Alicia frowned and bit her lip. “And I wasn’t going to see them anyway? Well... I guess I wouldn’t like it. I mean it’s nice knowing they’re there.”
“You own part of those trees, dear. If they were all divided into a hundred and eighty million parts, one part would be yours. Your part might be just a twig and a couple of leaves.”
“That’s silly!”
“And you own a part of Grassy Bay too. It’s what is called an undivided interest. You don’t know what part you own and I don’t know what part I own, but if it was divided up, our parts wouldn’t be worth very much. Maybe a little sand and a shell and a fiddler crab apiece. But with everybody’s parts of it left together there, it’s a beautiful thing, isn’t it?”
“I guess so.”
“Now, listen carefully, dear. This is hard to understand. If those redwoods were sold, or if the bay is sold, you won’t get any part of the money, even though you own a part of both of them.”
“That would be cheating, wouldn’t it?”
“Clever men can use the laws to cheat all of us and make it sound as if they’re doing us a big favor. That’s what we’re trying to keep from happening. Colonel Jennings and Mr. Sinnat and Jackie Halley and all of us. Do you understand?”
“I... I guess so.”
“Now do you care if they fill up Grassy Bay and put houses there?”
Alicia frowned. “It wouldn’t be right. No, I guess I wouldn’t like it.”
“Now, you run along, honey, and figure out what we’re going to cook up for three tired beachcombers.”
When she was alone, Kat looked at herself in the bathroom mirror. How can you know if you’re doing it right? she thought. How do you know exactly what you’re doing to them with the things you say? You could have done these things so much better, darling. You’d have the right words. They’d understand and remember. I don’t think they really pay much attention to anything I say.
Tom Jennings’ voice was not as forceful as usual over the phone. He sounded remote and windy and indecisive.
“I’ve been trying to get hold of you, Katherine. I don’t know if you can help or not. I hope so. This is very upsetting.”
“What’s the matter, Tom?”
“Di Sinnat phoned me about three o’clock. He was... almost formal. It was as if he was talking to a stranger. He said he had decided not to get involved in committee work this time. He said he was resigning. He said he was sorry to have to withdraw his offer of financial assistance to the committee. He wished us luck. I tried to find out why, but he was very terse and strange.”
“I can’t understand it!”
“Neither can I. I was counting on his help. I never thought he’d... Anyway, I called him back a half hour later to ask him if I could come over and talk to him. I got the housekeeper. She took my name. She came back to the phone and said Mr. and Mrs. Sinnat were gone for the rest of the day.”
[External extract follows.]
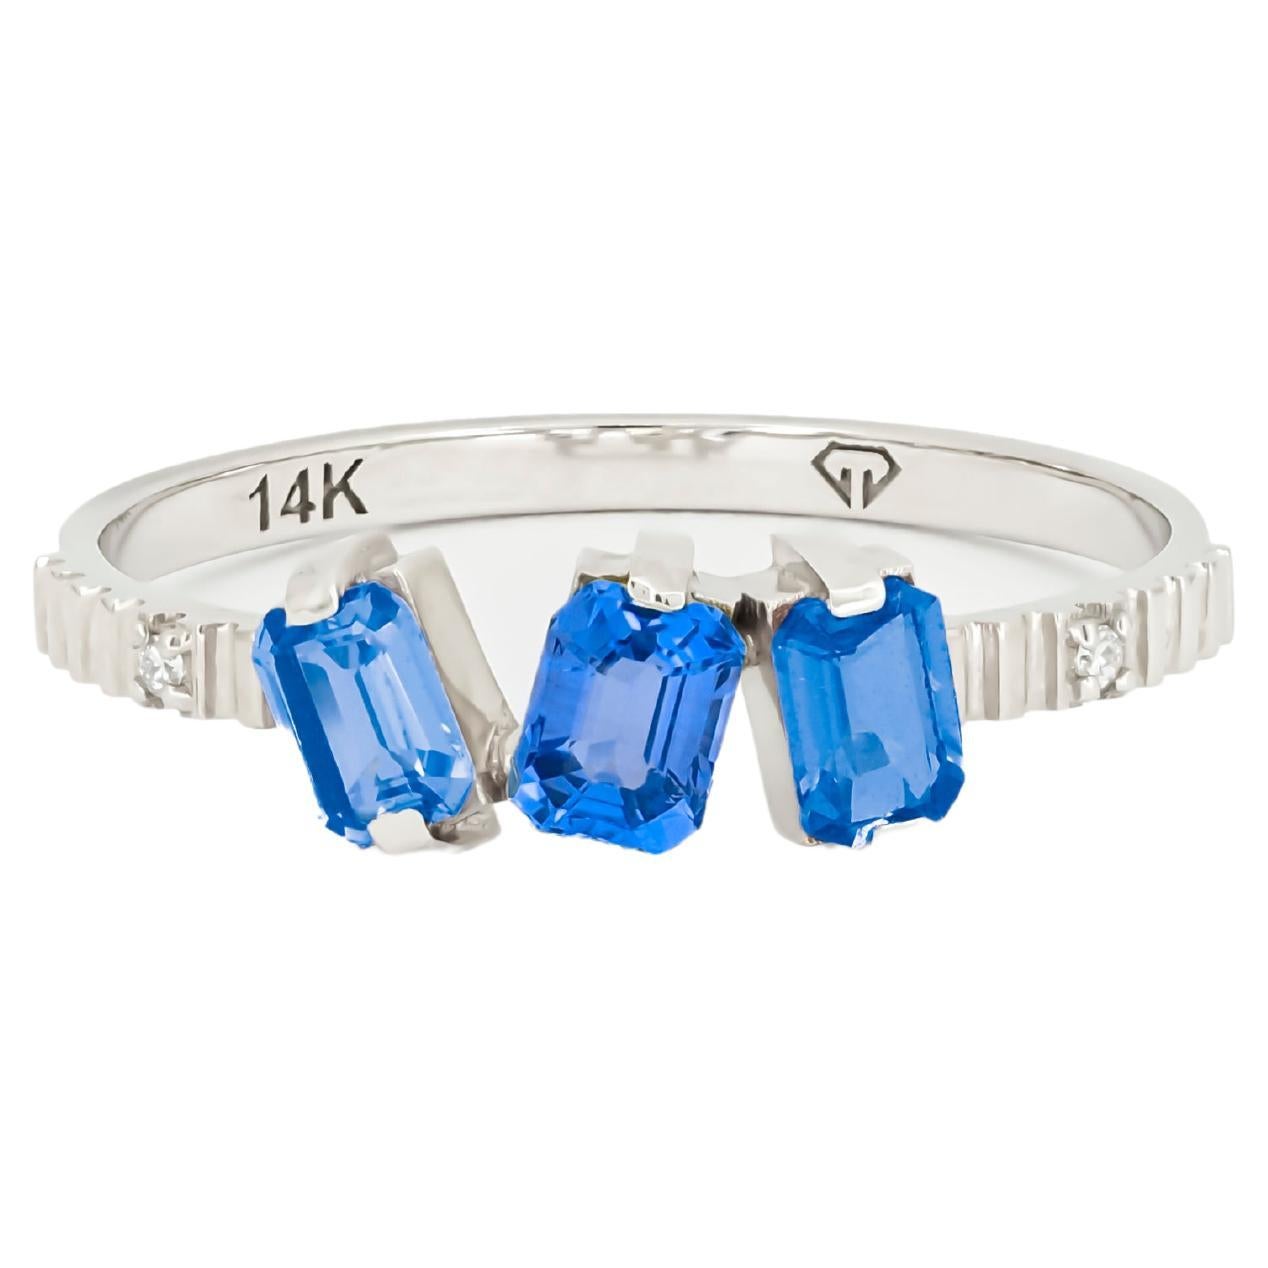 For Sale:  Monochrome blue gemstone 14k ring.

“But what could have happened, Tom?”
“I don’t know. I really don’t. I can’t imagine him changing because he’s gotten in with Burt Lesser and those people. And I can’t imagine him being frightened off. I just don’t know, Katherine. You’re as close to them as anybody I can think of. I must tell you he did sound as if there’s no chance of his changing his mind. But one always hopes. At least, maybe you can find out why this has happened. Without the two thousand dollars he promised for our campaign fund, we’re going to have financial difficulty. It will... weaken our effort to have to spend time and energy raising money when we should be stirring up public opinion.”